The goal is a clean copy of all the data below, with pictures dropped and everything else retyped exactly.
Start of Dataset content
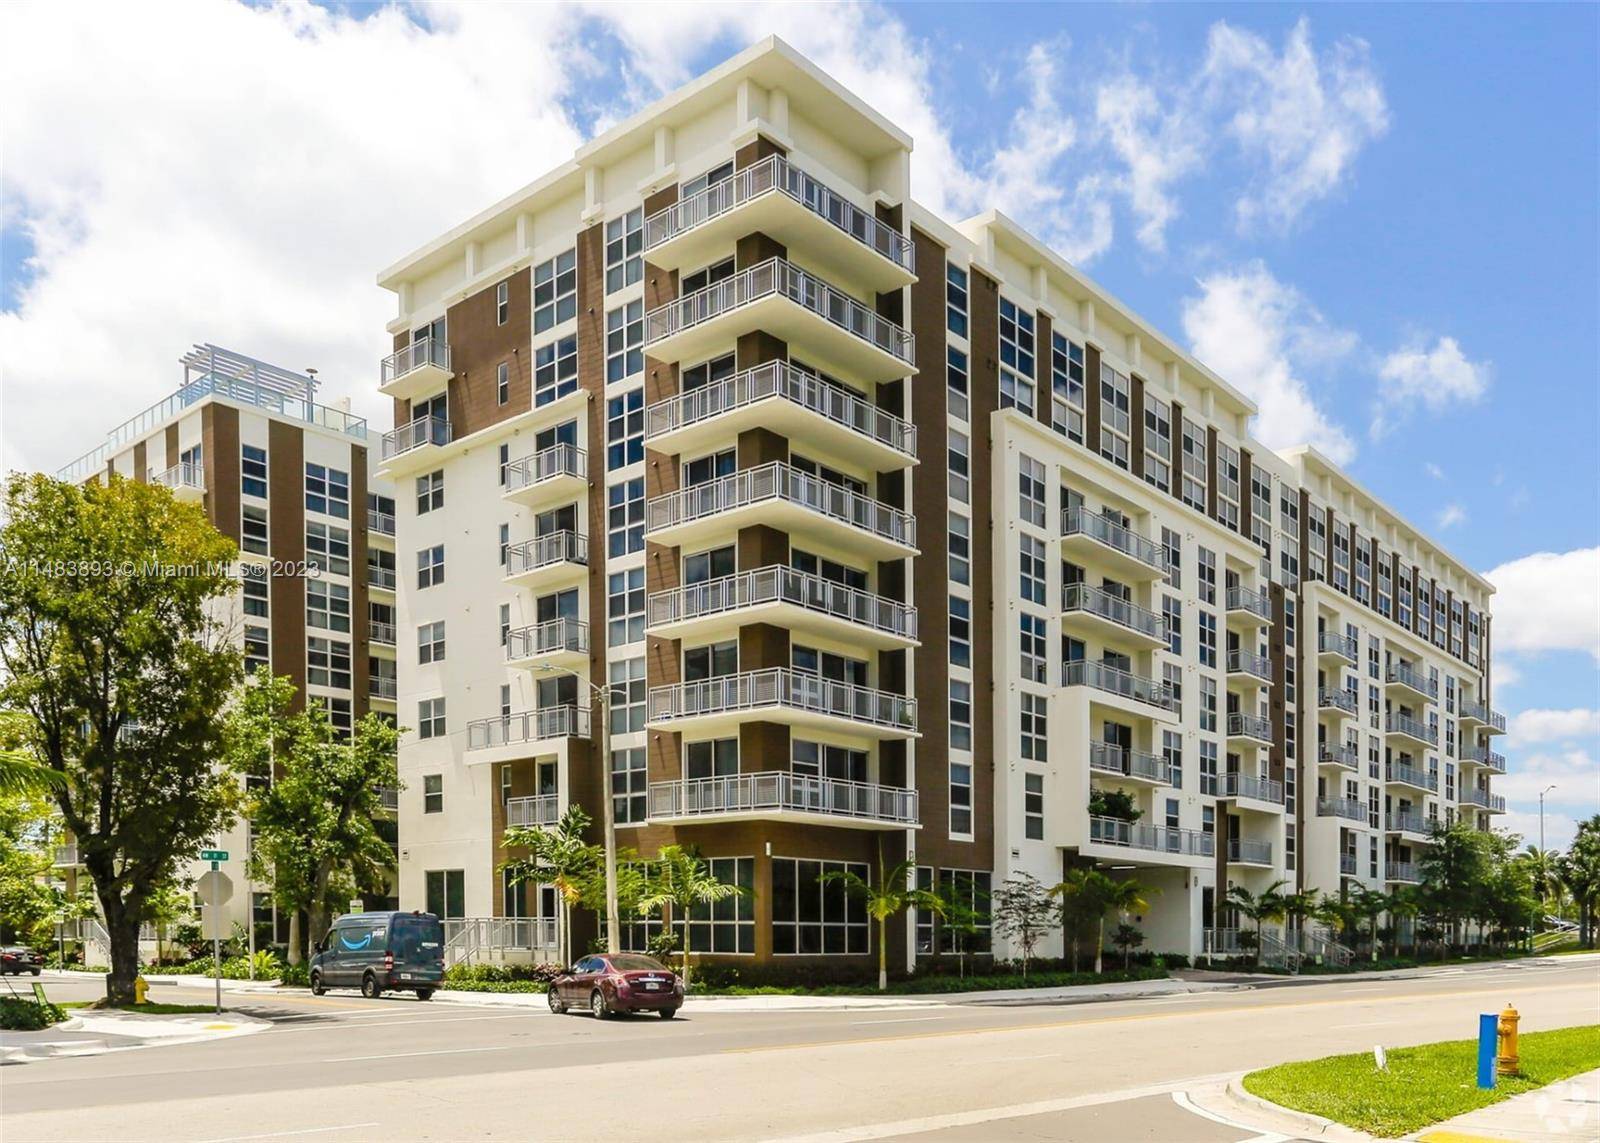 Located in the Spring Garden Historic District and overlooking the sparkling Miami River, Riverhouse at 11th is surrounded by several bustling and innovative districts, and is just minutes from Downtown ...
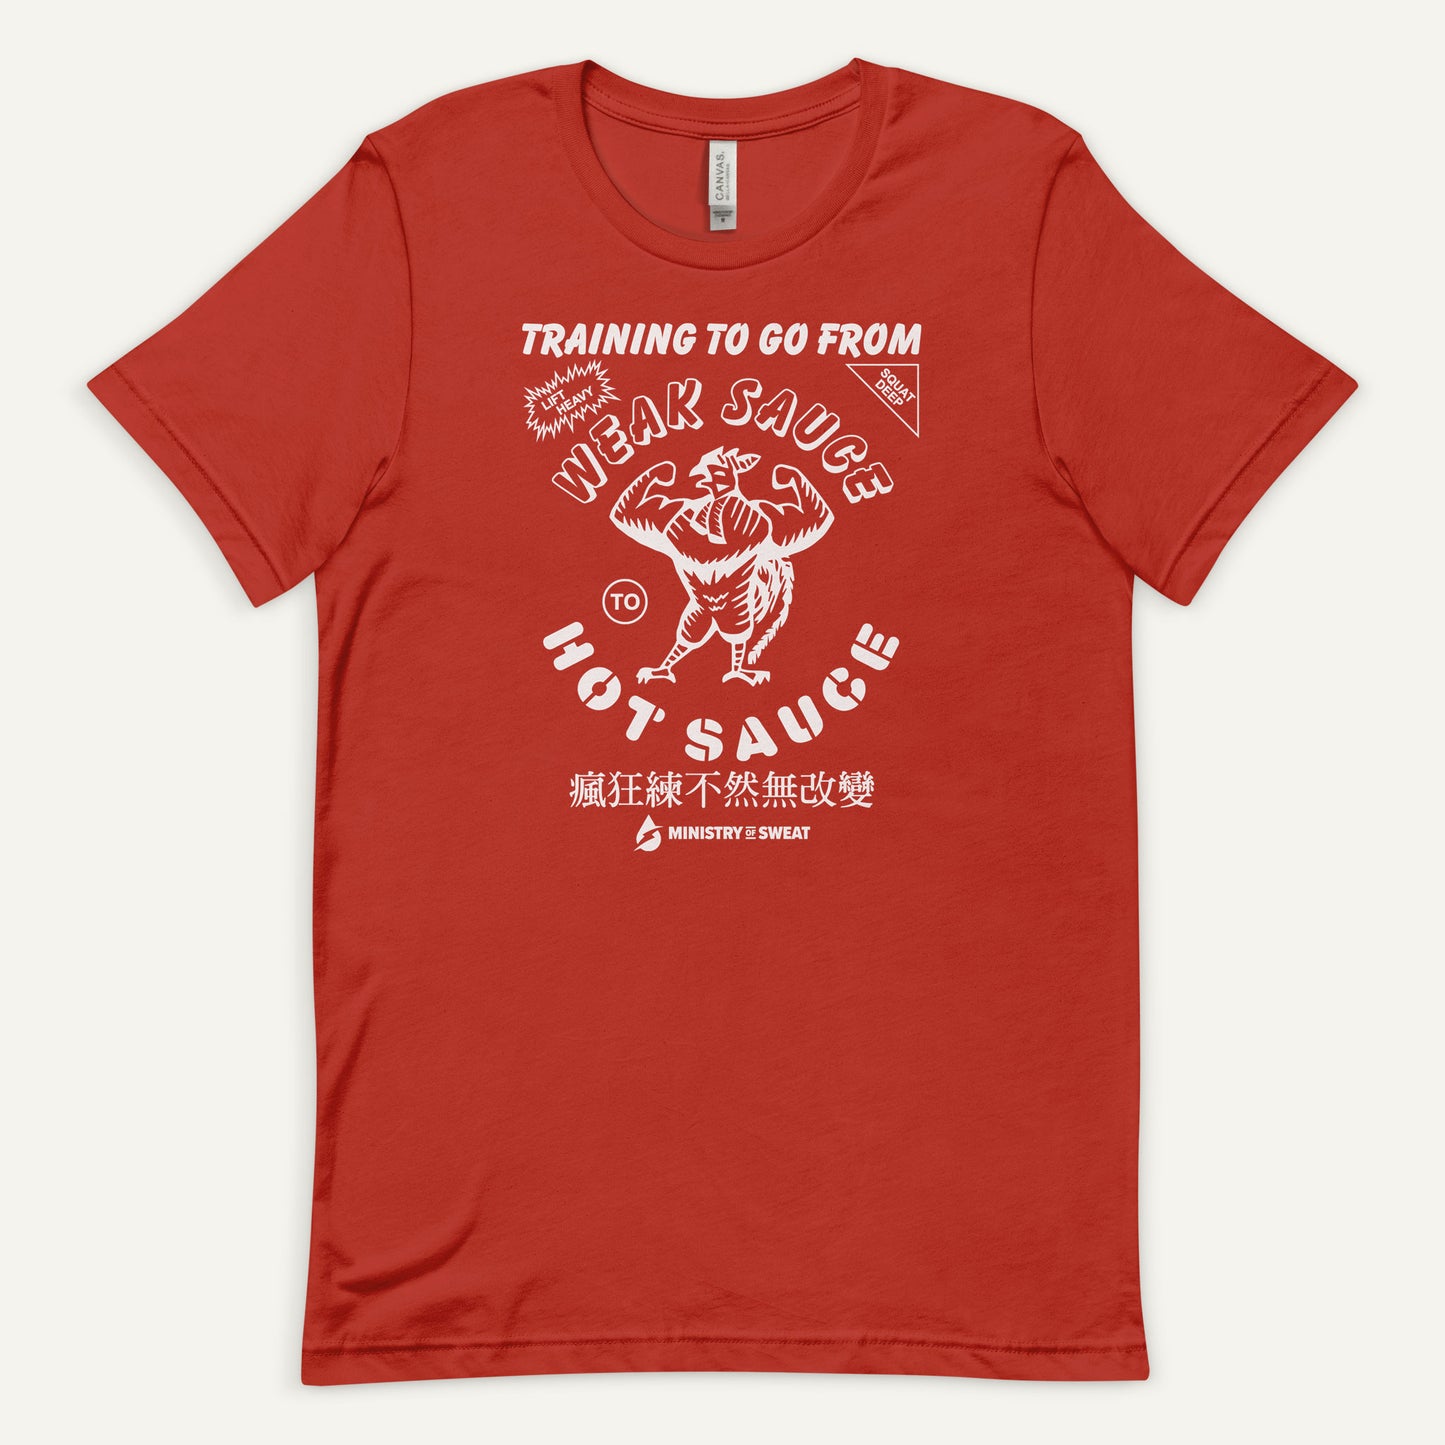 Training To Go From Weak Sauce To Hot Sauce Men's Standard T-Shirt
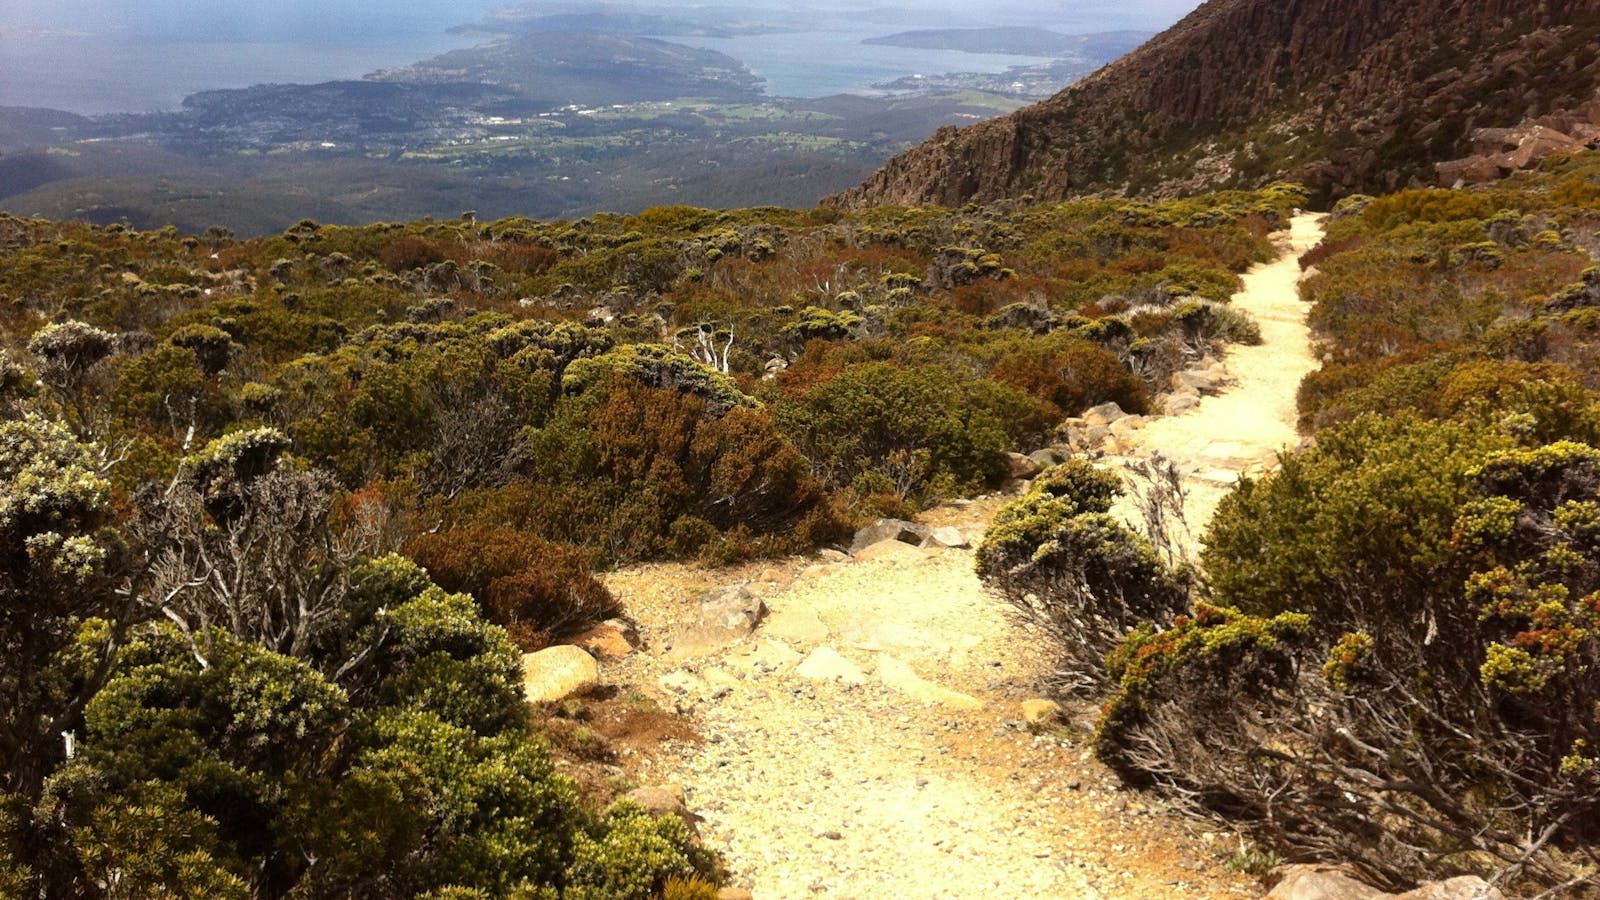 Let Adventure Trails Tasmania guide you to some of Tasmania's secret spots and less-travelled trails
End of Dataset content
▶ **Exercise solution**
 Located in the Spring Garden Historic District and overlooking the sparkling Miami River, Riverhouse at 11th is surrounded by several bustling and innovative districts, and is just minutes from Downtown ...
 Training To Go From Weak Sauce To Hot Sauce Men's Standard T-Shirt
 Let Adventure Trails Tasmania guide you to some of Tasmania's secret spots and less-travelled trails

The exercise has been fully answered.